— What needs to be done —
From the entries below, reproduce exactly the lines from the one with "Palm trees- Summertime" through the one with "ícone de vetor de flocos de neve", both included, without images.

— Data supplied —
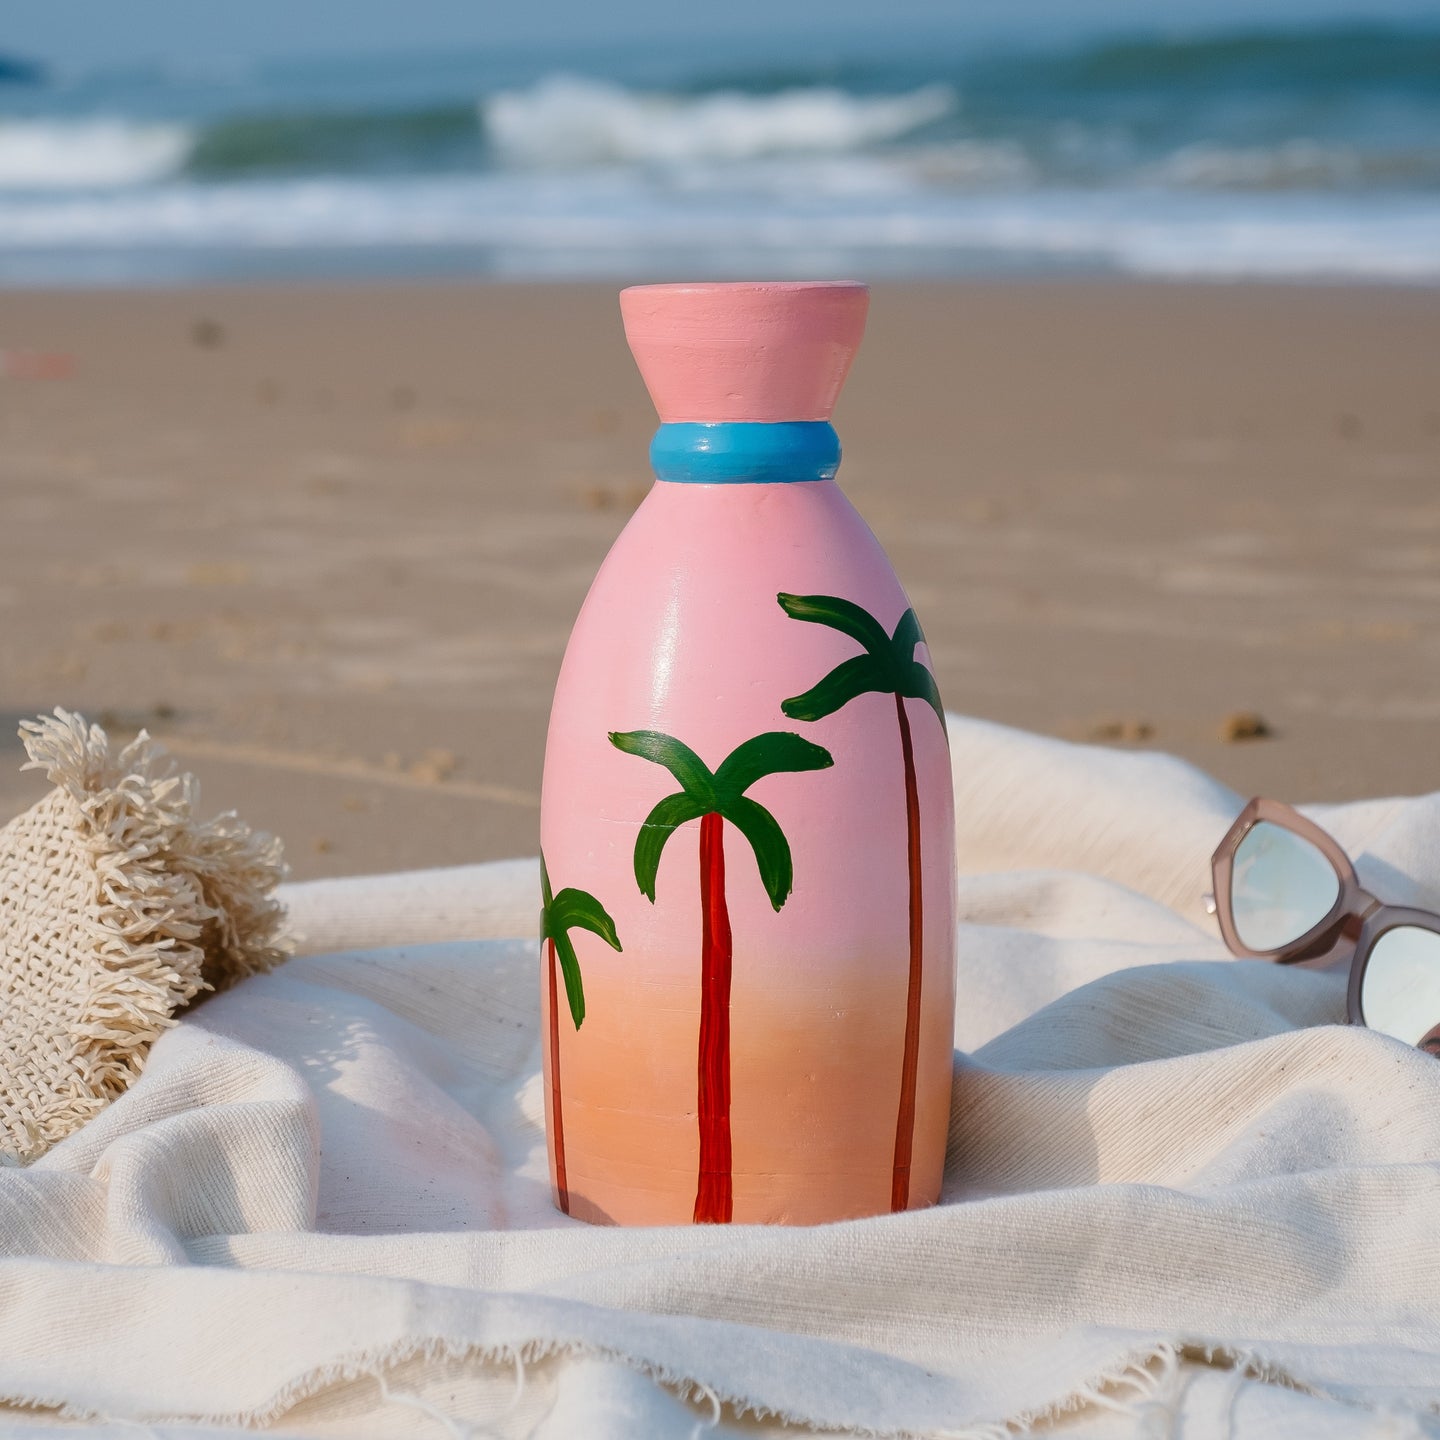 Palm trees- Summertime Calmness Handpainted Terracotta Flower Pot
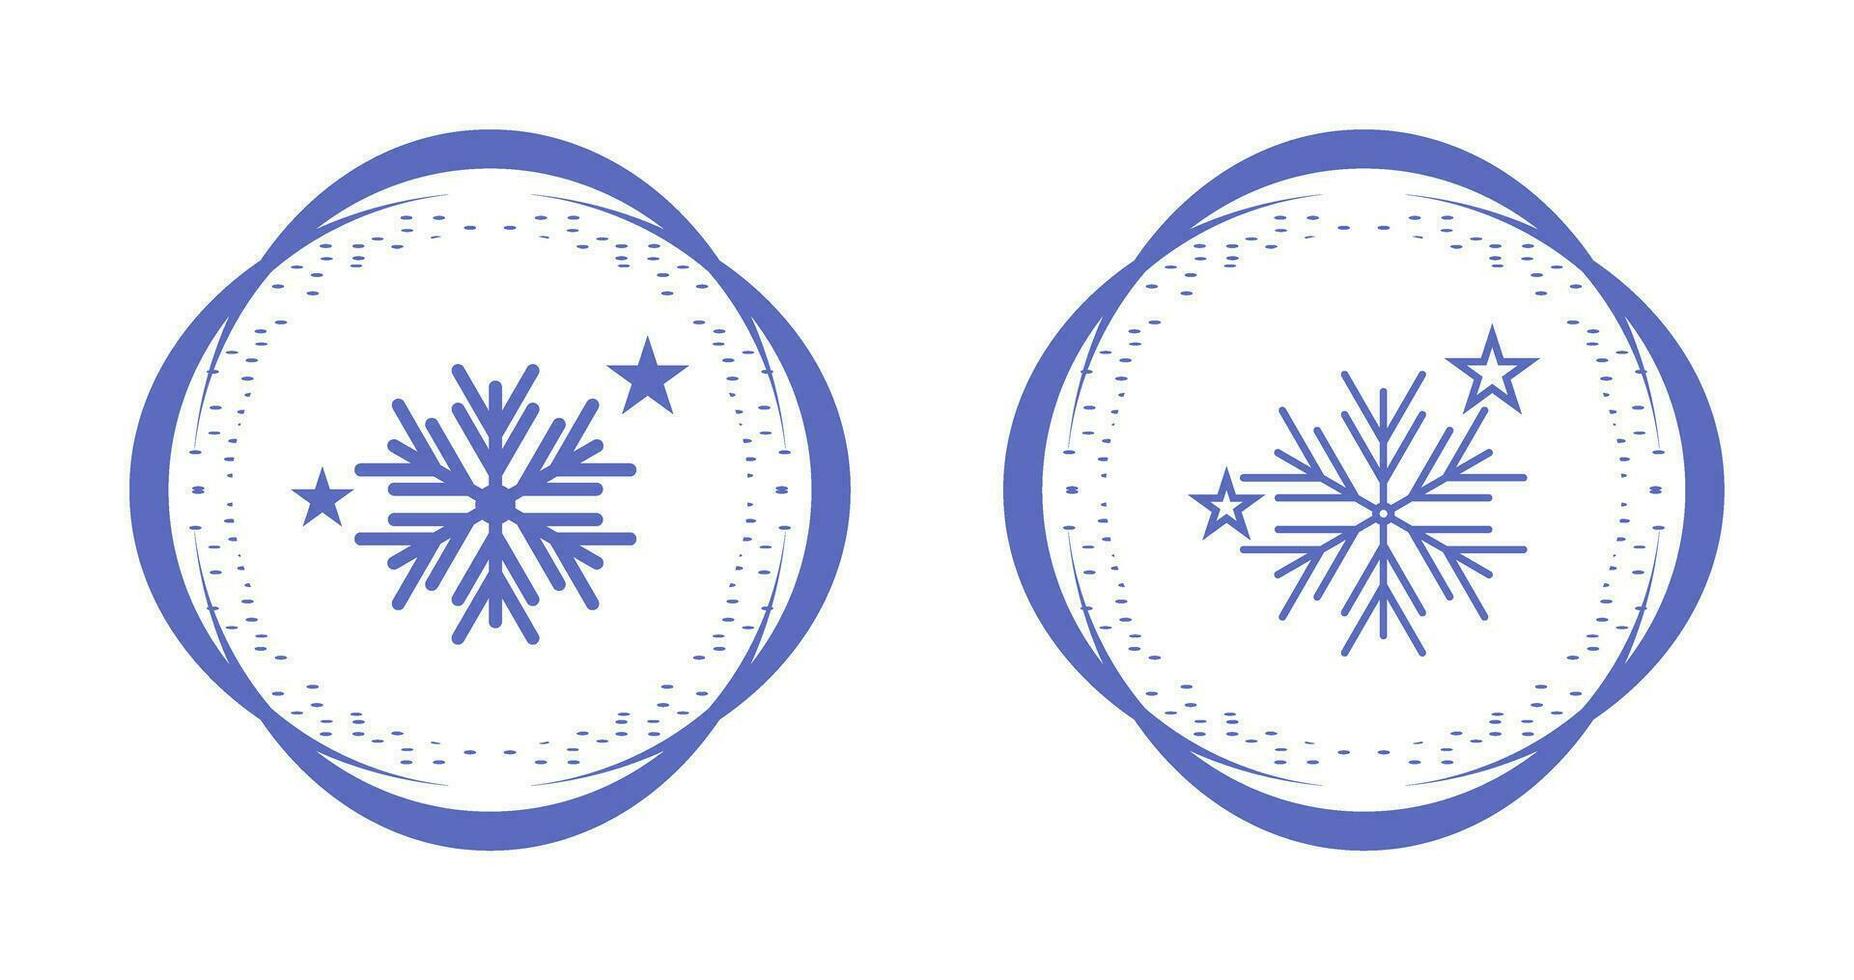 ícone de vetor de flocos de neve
---
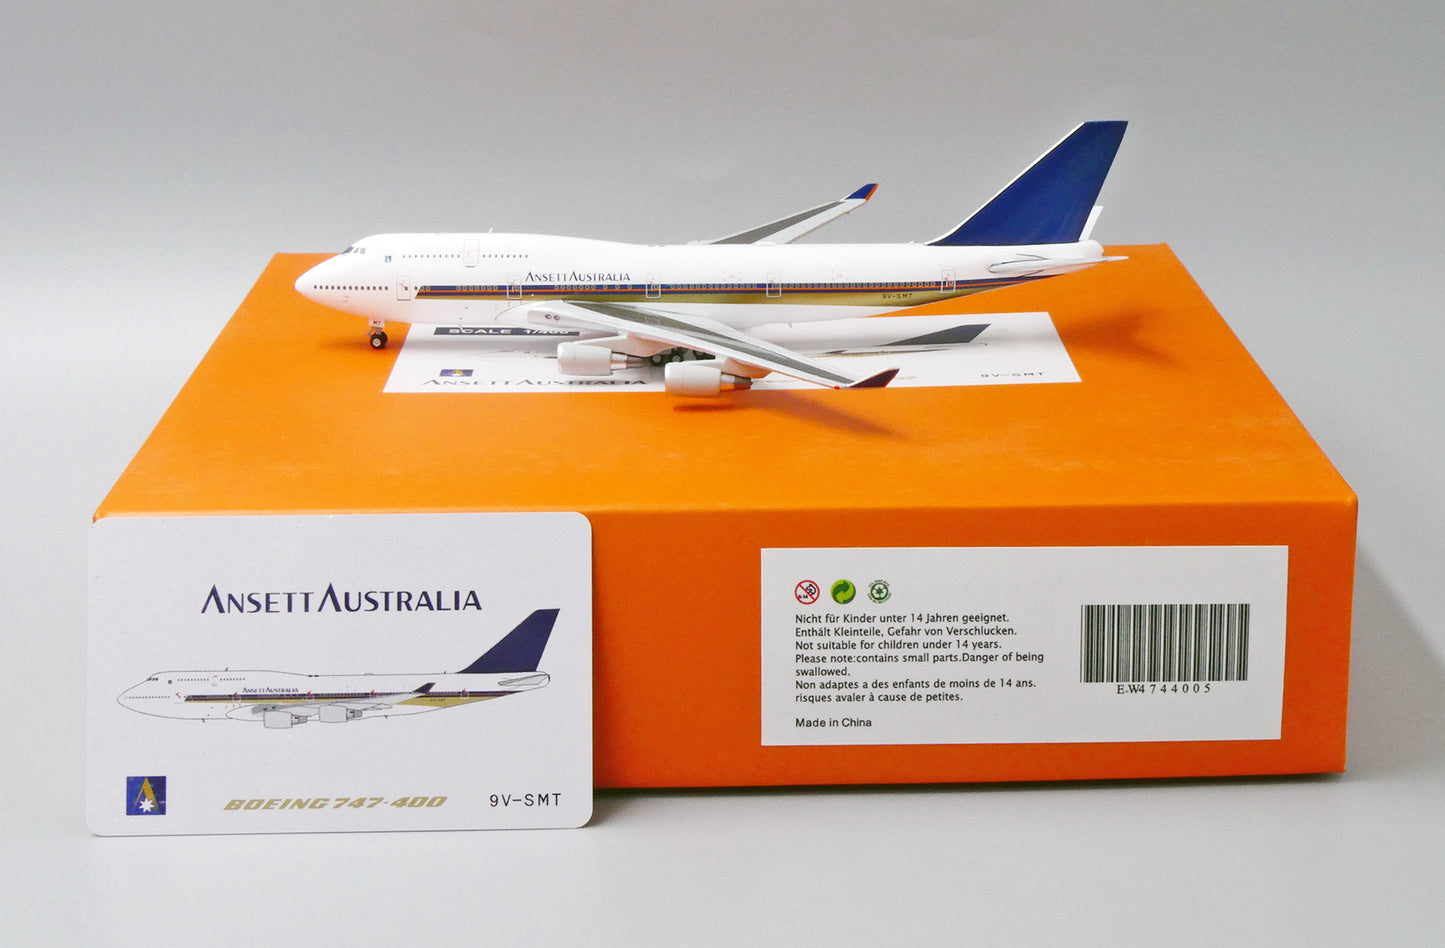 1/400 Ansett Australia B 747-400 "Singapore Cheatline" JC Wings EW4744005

— Reply —
 Palm trees- Summertime Calmness Handpainted Terracotta Flower Pot
 ícone de vetor de flocos de neve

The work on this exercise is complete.